▼

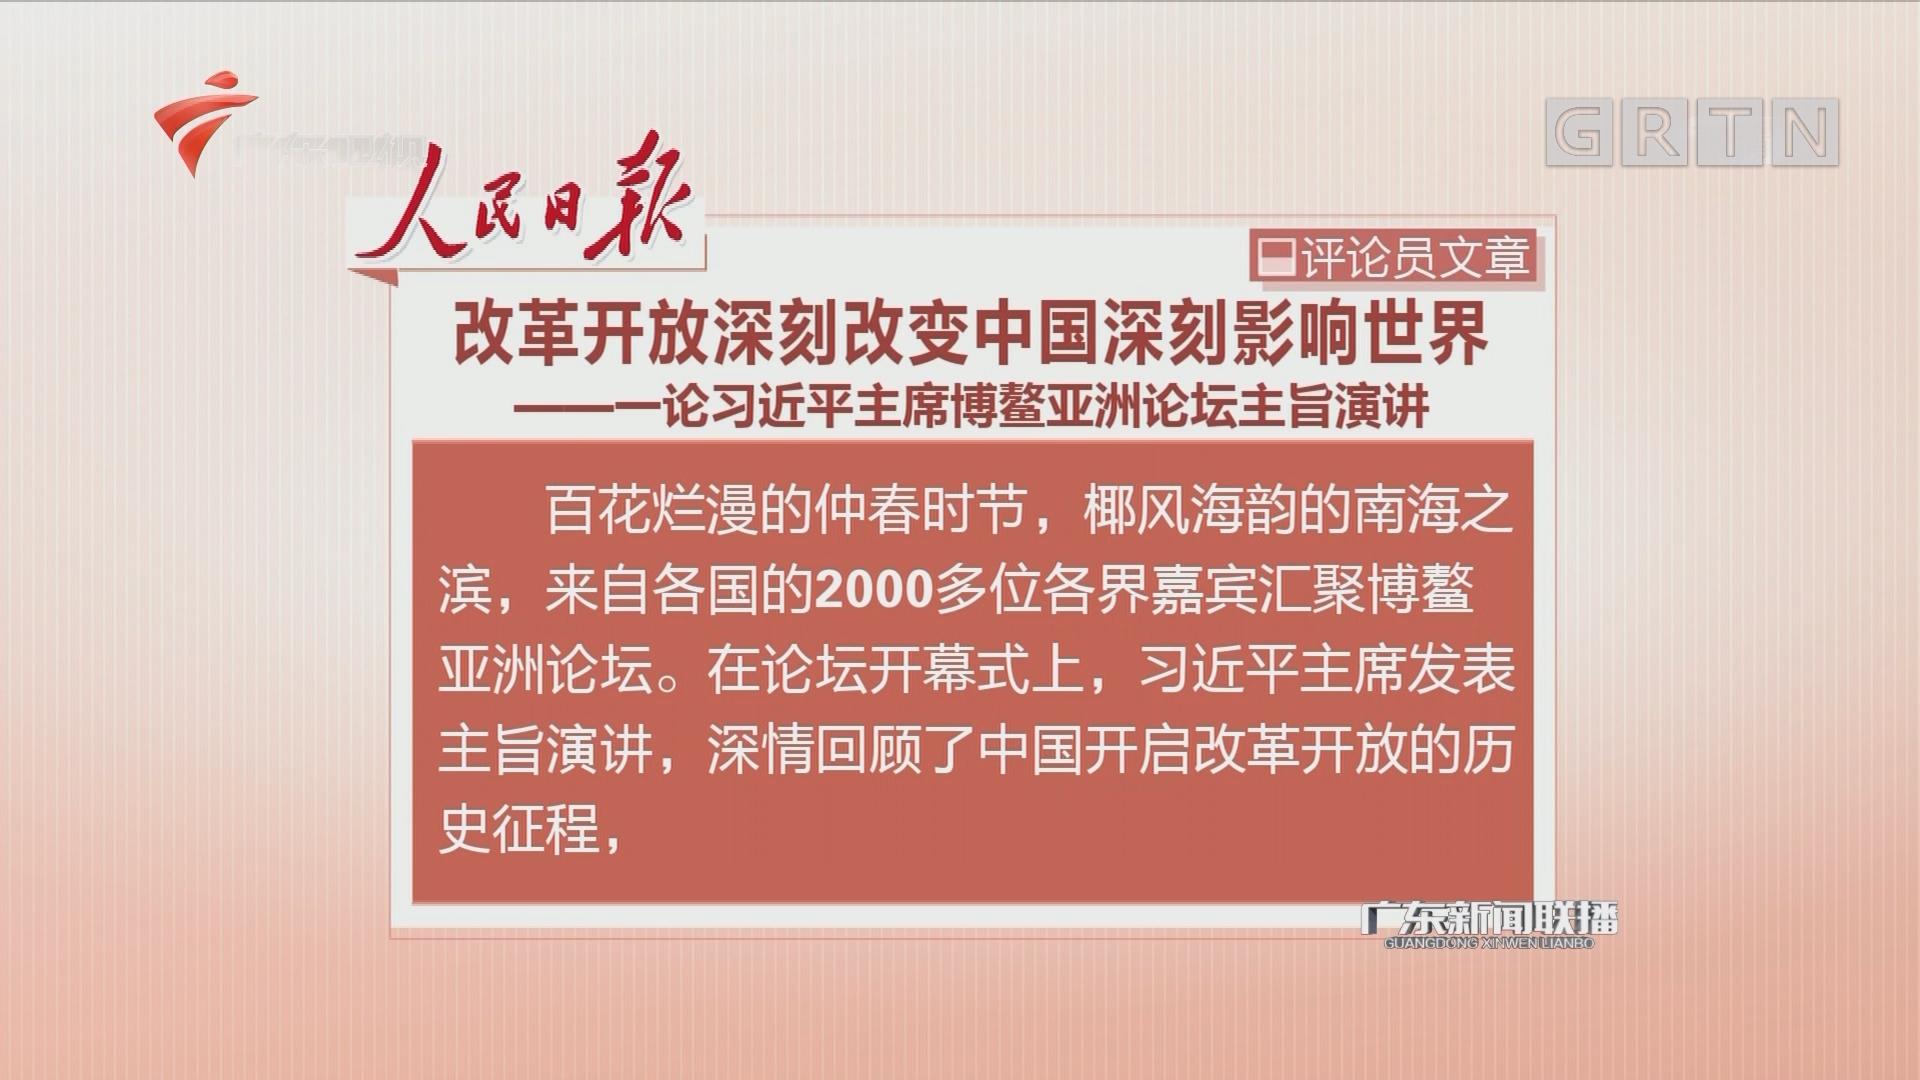 人民日报评论员文章:改革开放深刻改变中国深刻影响世界——一论习近平主席博鳌亚洲论坛主旨演讲
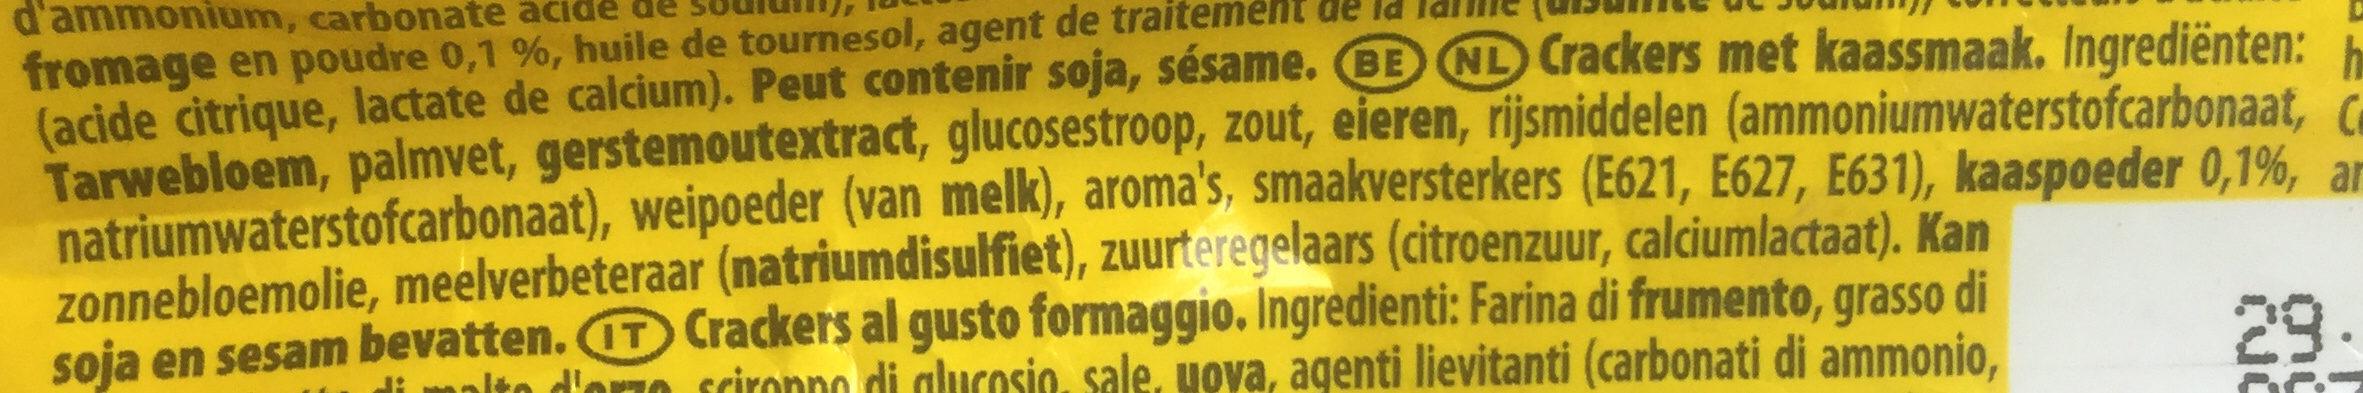 Tuc fromage - Ingrediënten - nl
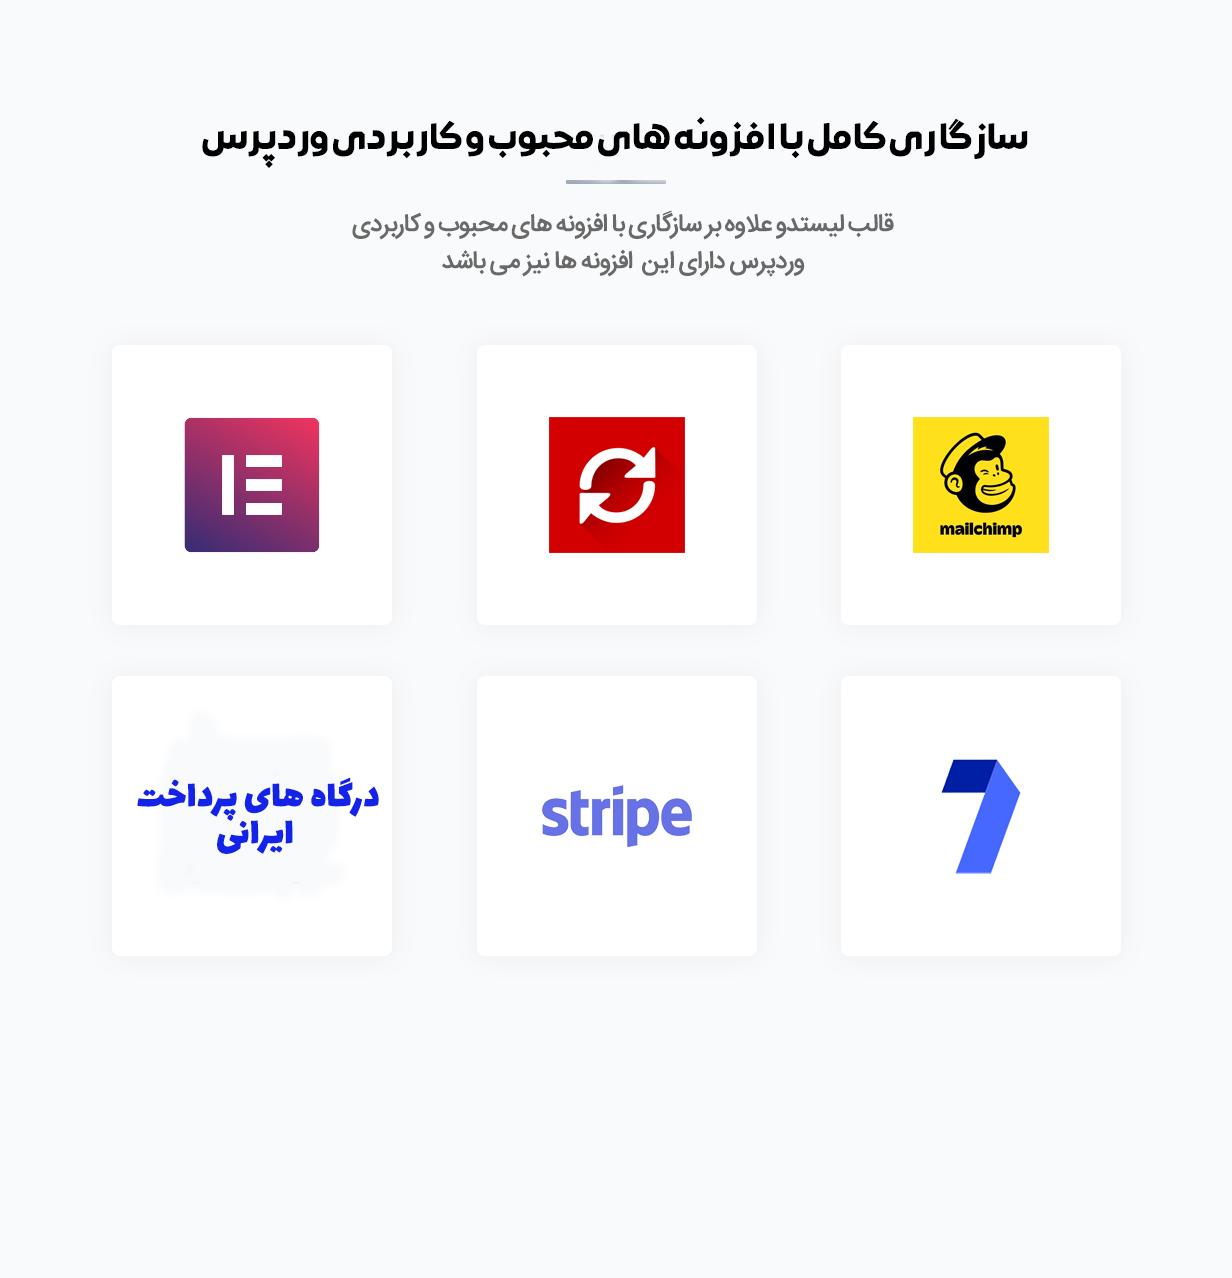 قالب وردپرس آگهی و دایرکتوری لیستدو سازگار با افزونه های مختلف
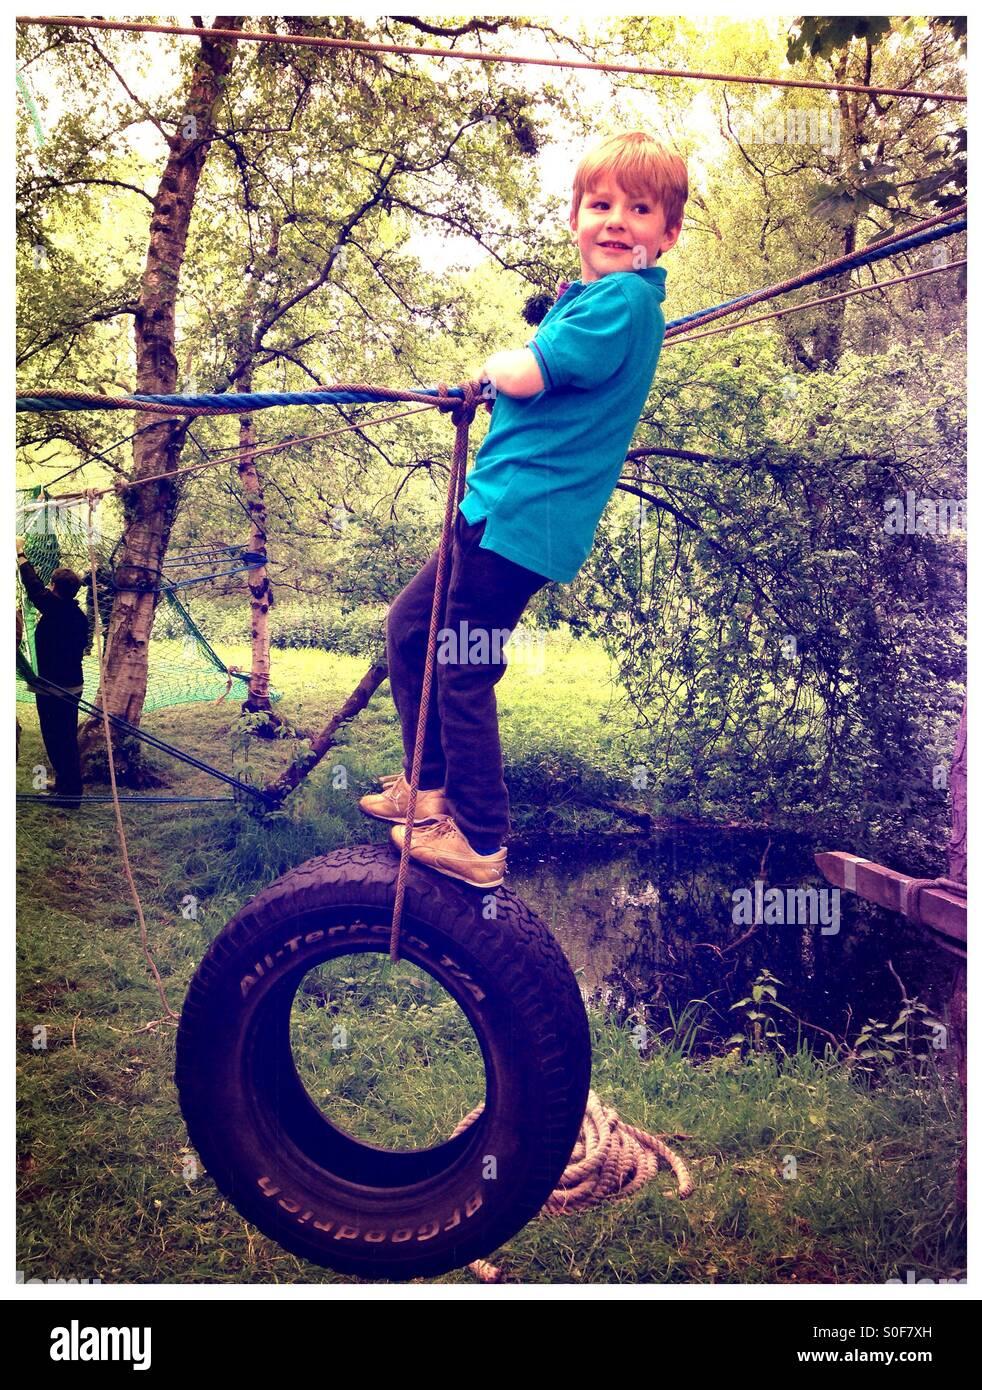 Boy swinging sur une corde et tire. Cours d'aventure. Parcours du combattant. Jeux forestiers Photo Stock
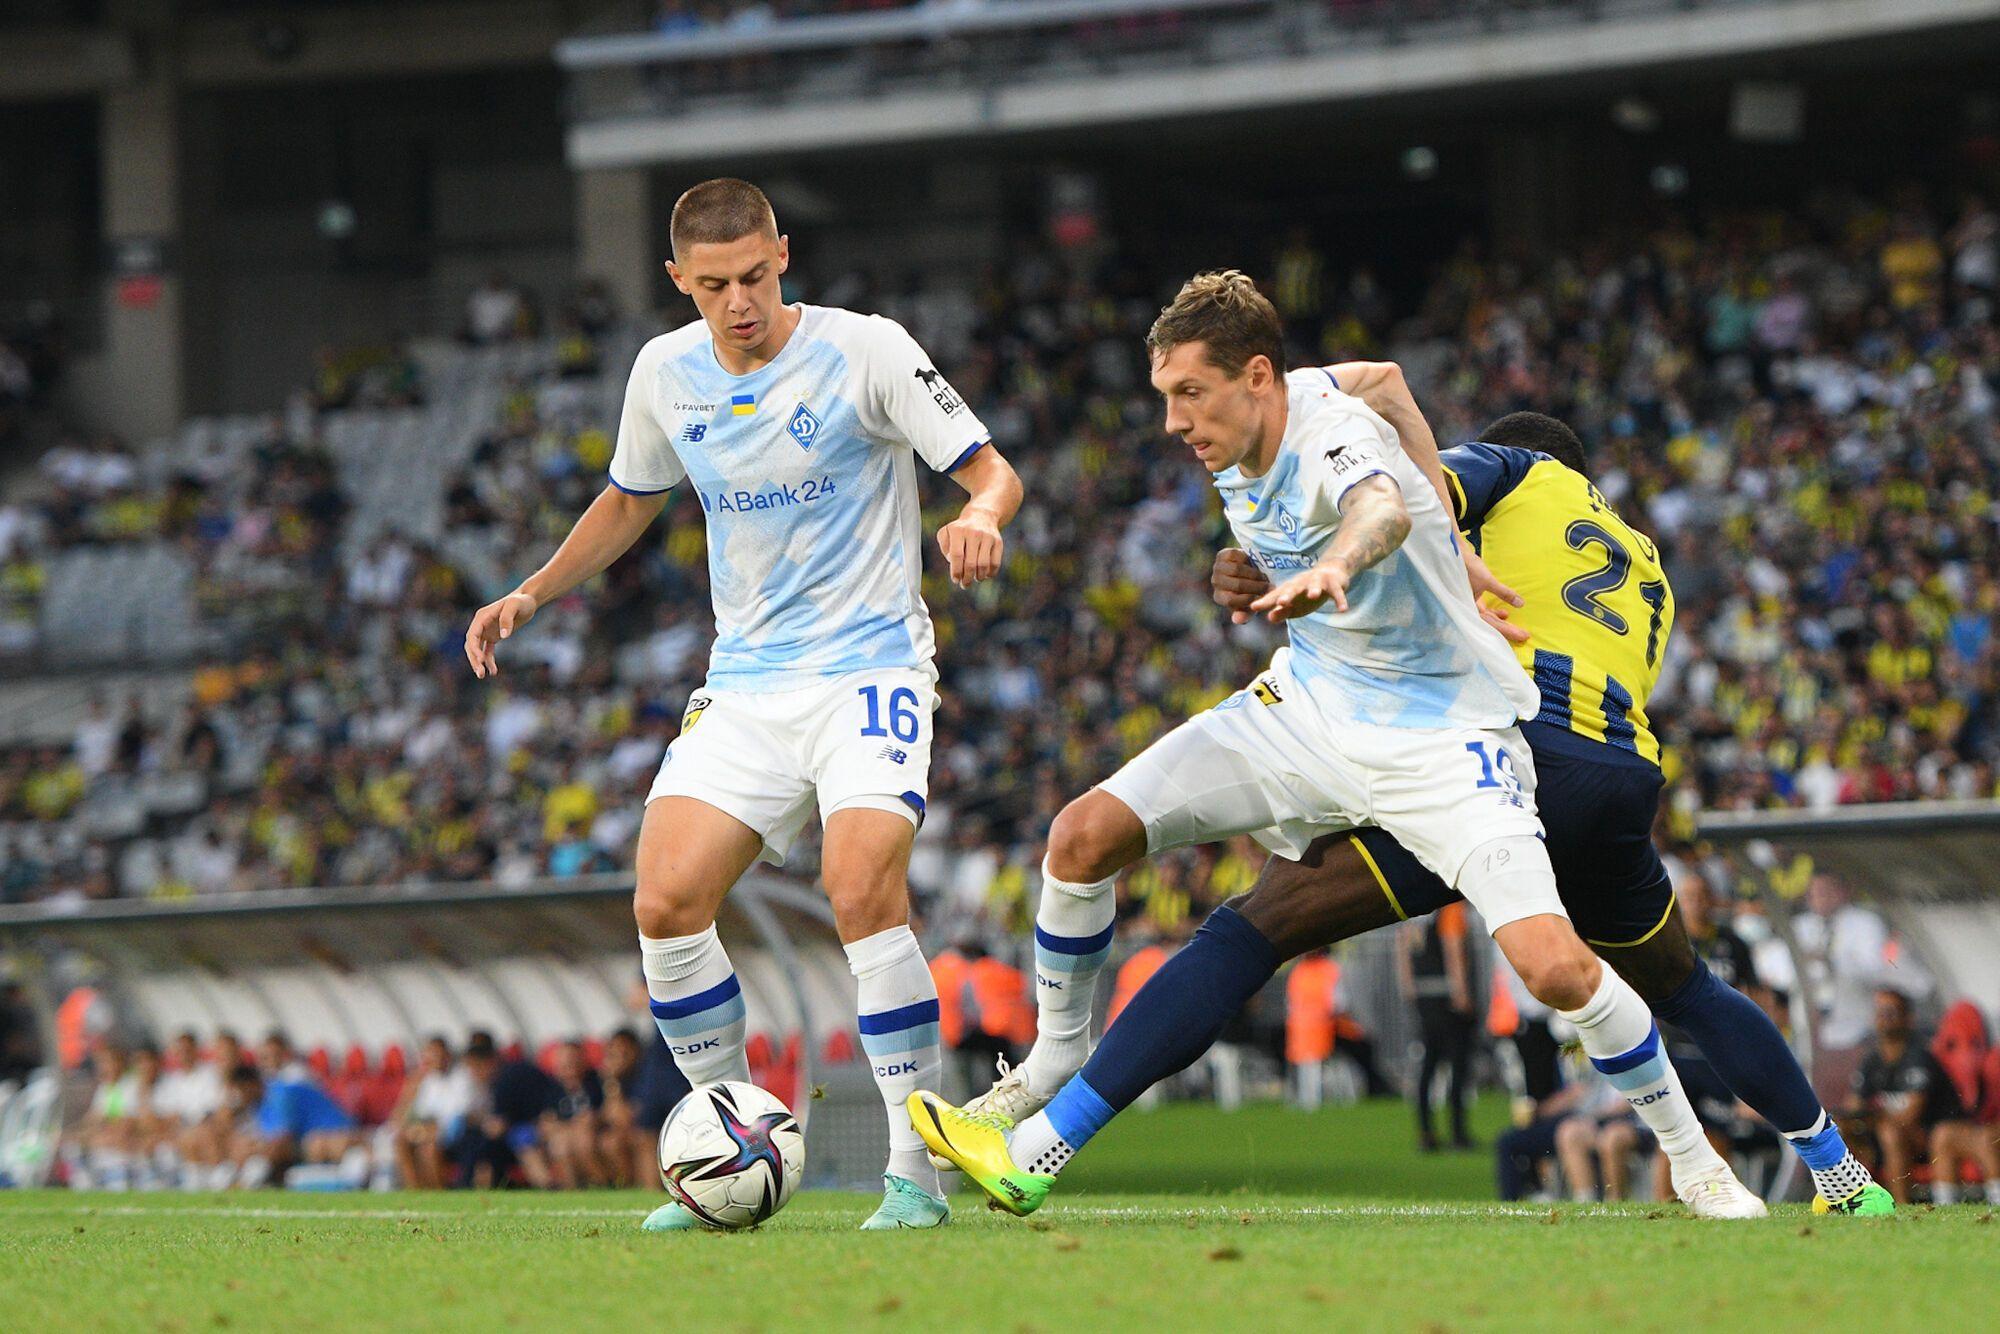 Гармаш и Миколенко ведут борьбу за мяч

▲

#### [WHAT THIS TASK INVOLVES]
Please set down the records above verbatim, with each picture left out.

#### [ANSWER SPACE]
 人民日报评论员文章:改革开放深刻改变中国深刻影响世界——一论习近平主席博鳌亚洲论坛主旨演讲
 Tuc fromage - Ingrediënten - nl
 قالب وردپرس آگهی و دایرکتوری لیستدو سازگار با افزونه های مختلف
 Boy swinging sur une corde et tire. Cours d'aventure. Parcours du combattant. Jeux forestiers Photo Stock
 Гармаш и Миколенко ведут борьбу за мяч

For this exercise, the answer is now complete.